December 18 was an exciting day for the markets. Equities edged lower pretty much from the moment the exchanges opened until about 2:00 pm, when the Federal Open Market Committee of the Federal Reserve concluded a two-day policy meeting and announced that, after much waiting and fan fare, tapering would begin. The flow rate of purchases conducted under quantitative easing would be reduced by $10 billion to $75 billion per month.
However, far from throwing a tantrum, equity markets rallied and closed the day near record highs. Although the news took many by surprise — the January meeting was a popular bet for the announcement — investors had been preparing for a taper for months. The exact date of its arrival was far less consequential than its severity and context, and the taper was not severe and the context was appropriate.

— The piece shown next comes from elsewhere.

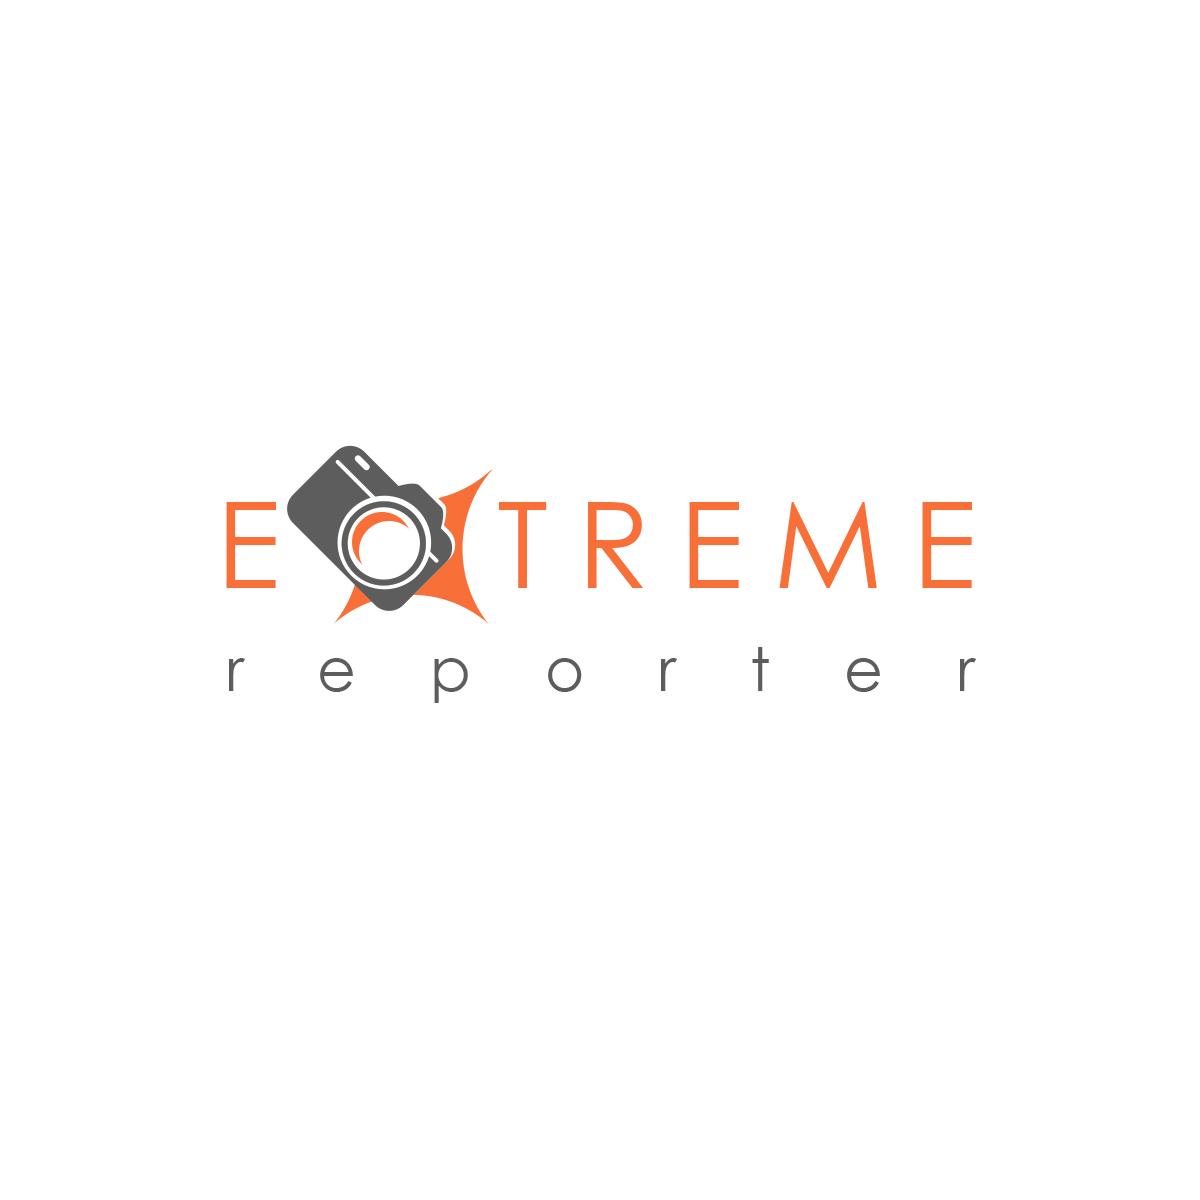 Логотип для экстрим фотографа.  фото f_8295a5507bb98902.jpg

The impact was, all things considered, pretty modest. The yield on the benchmark 10-year Treasury note jumped around a lot following the announcement and was up only about 5 basis points the following day.
Ben Bernanke, who held his final press conference as Chair of the Fed on December 18, did more than simply announce the taper. He managed to announce the taper without sending equities crashing or sending yields skyrocketing, and with (apparently) complete confidence that the time was finally right after what looked like two hesitant missteps earlier in the year.

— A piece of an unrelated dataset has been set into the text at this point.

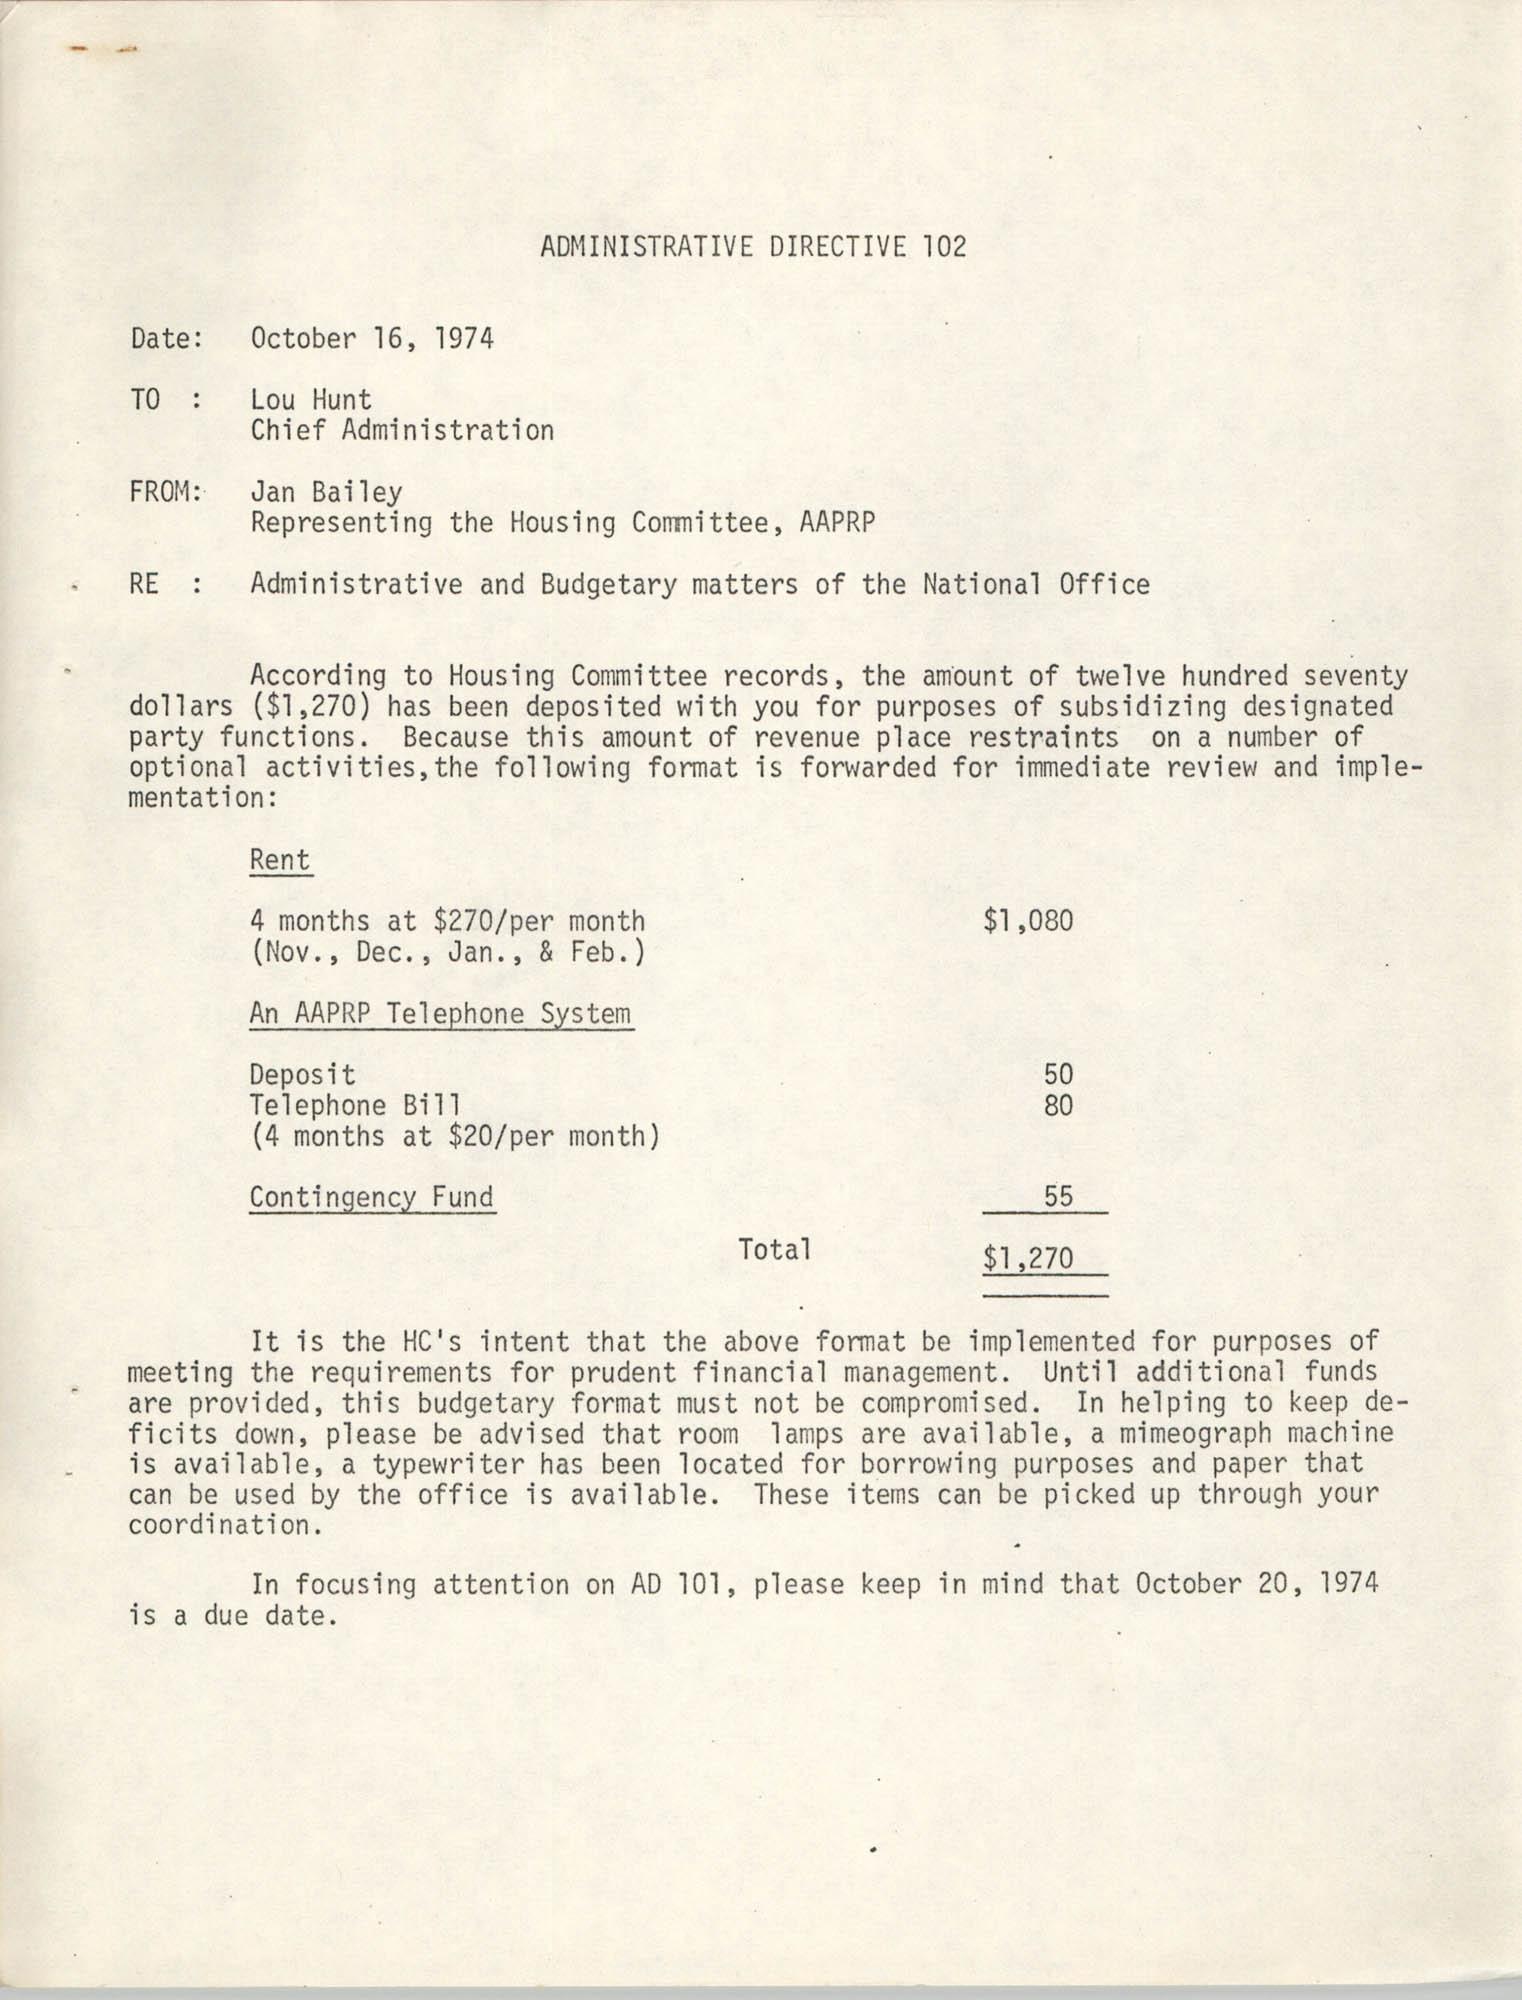 Administrative Directive 102 Memorandum, October 16, 1974

In other words: he didn’t screw it up. During his tenure as Fed Chair Bernanke instituted and began to pare back the most ambitious monetary strategy in U.S. history. Wall Street will remember him as the person who saved the banks, and the Fed will remember him as a successful crisis-era Chair who took bold, unprecedented action to help save an economy on the brink of catastrophe, and he did it with fiscal headwinds howling in his face.
Main Street, though, may remember him differently, and the mixed interpretation of the taper announcement is evidence of his mixed reputation with the public. Many Americans suspect that QE has done little to help the “real economy,” (that is, Main Street), and that monetary stimulus has done more to support an institutionally corrupt financial industry than anything.
The extent to which this is true or not is unclear. Certainly the Fed’s accomodative monetary policy has been a critical factor in the recovery of the housing market, which is about as real as macroeconomic conditions get for many Americans.
A low interest rate environment absolutely helps corporate profits and has helped send the stock market to record highs, and while it stinks of tired theories about trickle-down economics, this has helped Main Street at least somewhat.
But perhaps the most significant thing that Bernanke did at his final press conference — the thing that has financial markets in a good mood, pundits confused about whether or not the taper was announced with a hawkish or dovish tone (the right answer is probably both), and much of Main Street feeling like they’re still being hung out to dry — is make it clear that the Fed will carry the financial markets on it back if it has to to get the nation through this recovery, apparently no matter what the cost. At this point, the Fed has dug in so deep that it can’t do anything else. The recovery — real or otherwise — depends on monetary stimulus.
The gesture was contained in a revision the Fed’s 6.5 percent unemployment target. In the announcement, the Fed stated that it could be appropriate to maintain an accomodative monetary position even after unemployment falls below 6.5 percent, which could happen in the coming year according to the Fed’s own projections.
This suggests that even as the U.S. approaches full employment (somewhere between 5.2 and 5.8 percent unemployment), the recovery could still be so fragile that without Fed stimulus it would fall apart. The markets know that the Fed would not willingly let this happen, so stimulus must continue, and it will likely continue for a while. Bernanke indicated that QE could be wrapped up come the end of 2014, but his estimates for the QE timeline have changed in the past. And even then, policymakers aren’t expect to begin tightening its core interest rate policy until 2015.